A telling instance of this change is in the handling of songs within the Pynchon “movie.” With his penchant for song parodies, Pynchon has always included in his fiction musical renditions that are recognizable as certain types of songs, whether show tunes or folk or pop songs. That feature continues in Inherent Vice but, in keeping with its more filmable aspects, the songs are for the most part “legitimate”—in other words, they appear when someone is listening to a radio or actually performing a song for others, as the novel’s hero Doc Sportello does, in a “Sinatroid” manner, late in the novel. We aren’t in a demented Hollywood musical any more, Toto, where people burst into outrageous songs for no apparent reason.

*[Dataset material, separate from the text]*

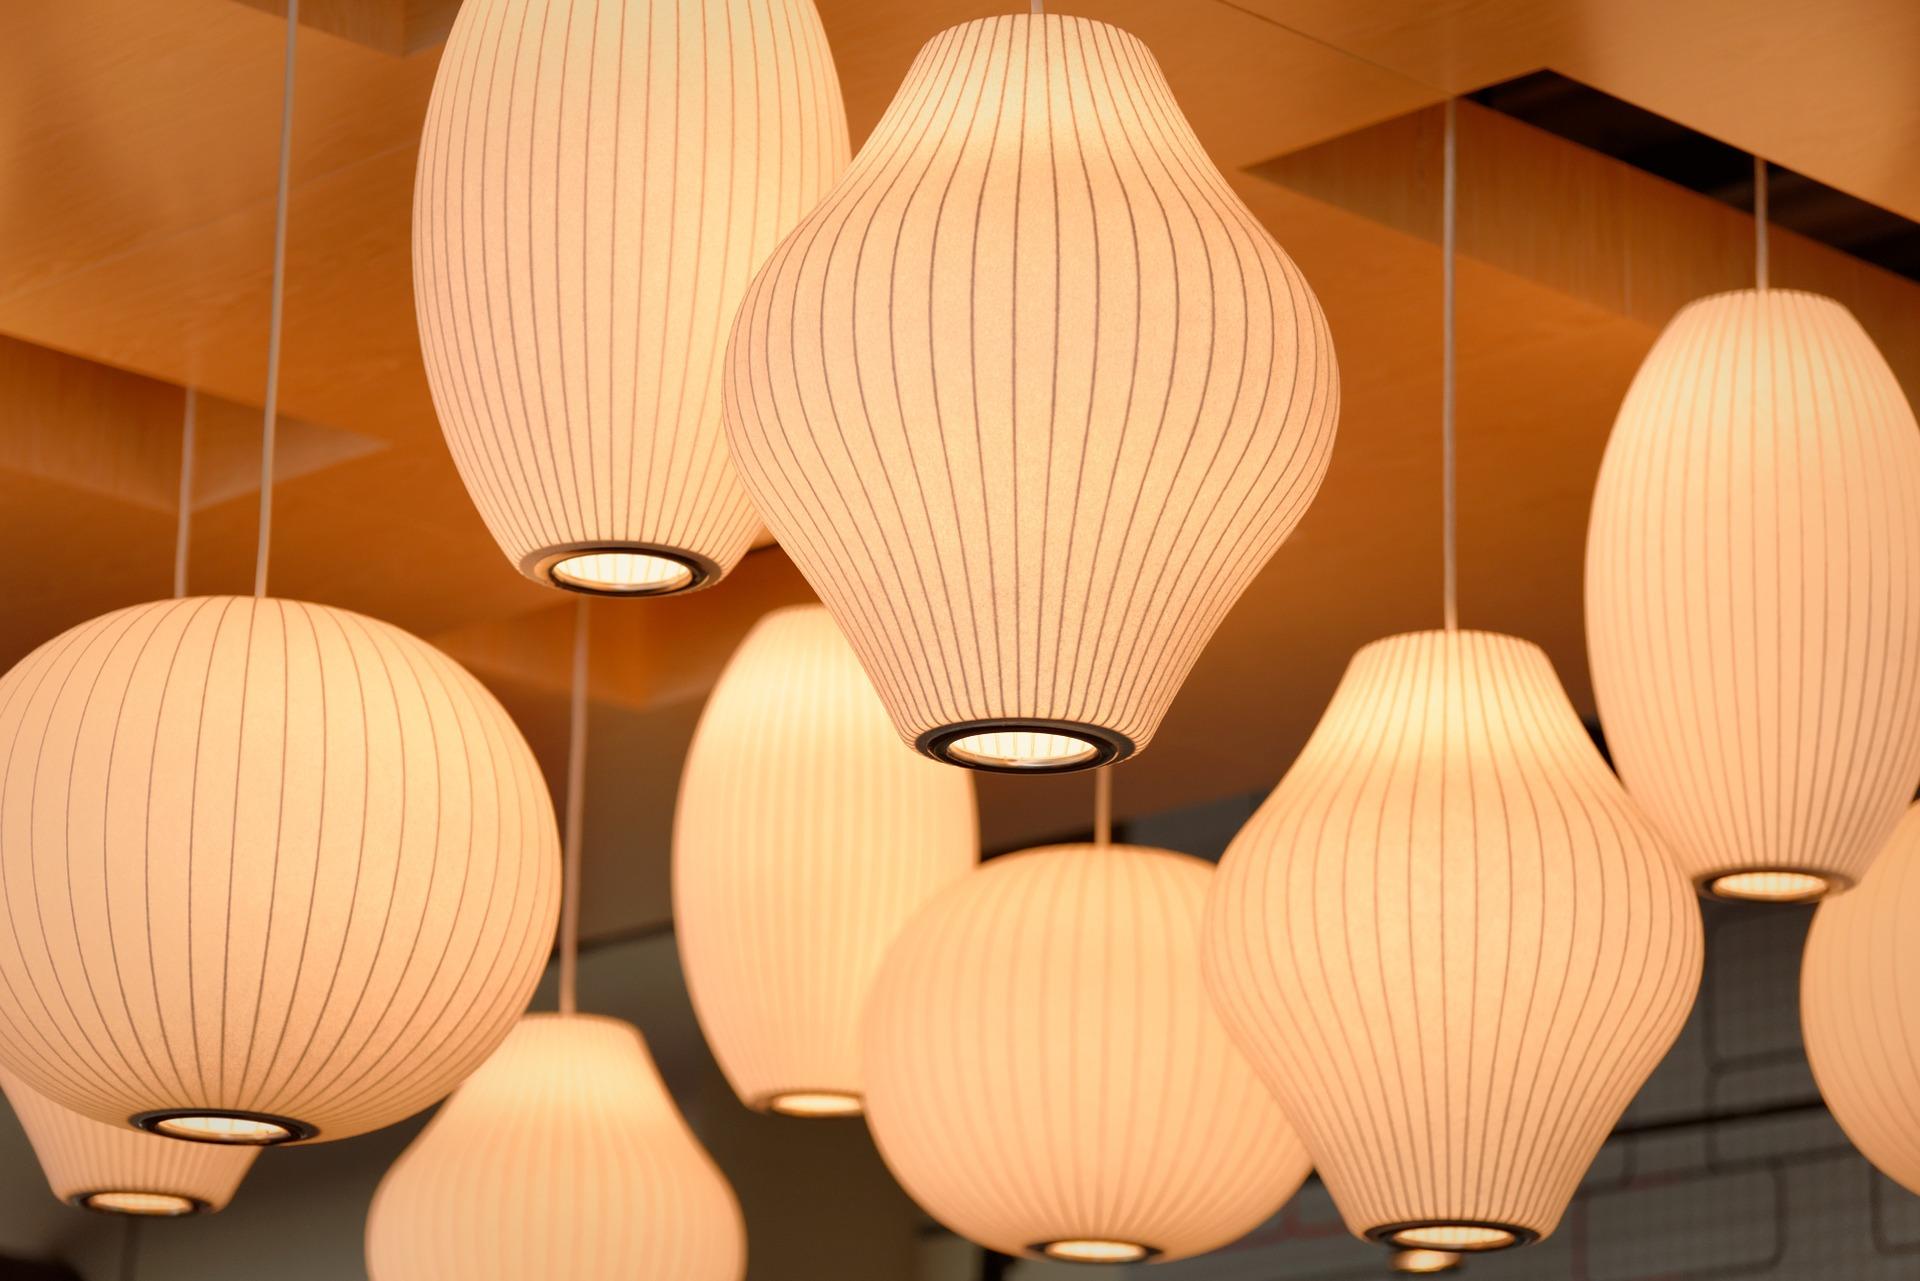 Ideas para limpiar fácilmente las lámparas de casa

Indeed, ever since surfacing as an author—rather than simply the voice of an outlaw narrator—Pynchon has worked quotations from actual songs, often ascribed, into his prose. A tendency begun in the intro to Slow Learner, and continued in Vineland, has become in Vice even more clued-in to the notion of a soundtrack that’s being referenced because we can imagine it playing as we read. We can speak of this as “mediation” if we wish, but the effect implies that we’ve moved beyond having to pretend there exists a version of any 20th-century era—whether in fact (as a memory to be recalled) or as history (to be consulted via research)—that isn’t permeated with the music and movies of the time. Indeed, if the outsiders have come inside it’s because, perhaps, inside and outside of a “mainstream” or “straight” culture no longer make sense in the same way. Linked to that perception is the extent to which Pynchon’s “useful substances”—namely marijuana and LSD—and rock’n’roll create what Vice presents as an almost Proustian sense of what outsiderness once consisted of. In other words, if we think of how certain musical phrases and substances (a madeleine soaked in tea) confer a recall of place and time upon Proust’s narrator, we can find a “hip” version of that recherche into times lost via certain rock songs and the ever-present reefer in Inherent Vice, the mood of which seems to endorse this rather Proustian passage from Vineland: “And these acid adventures, they came in those days and they went, some we gave away and forgot, others sad to say turned out to be fugitive or false—but with luck one or two would get saved to go back to at certain later moments in life.” The narrator of these lines has, in a sense, passed to the narrator of Inherent Vice the wherewithal—still potent, smoking, and not yet played out—to “go back” to those moments.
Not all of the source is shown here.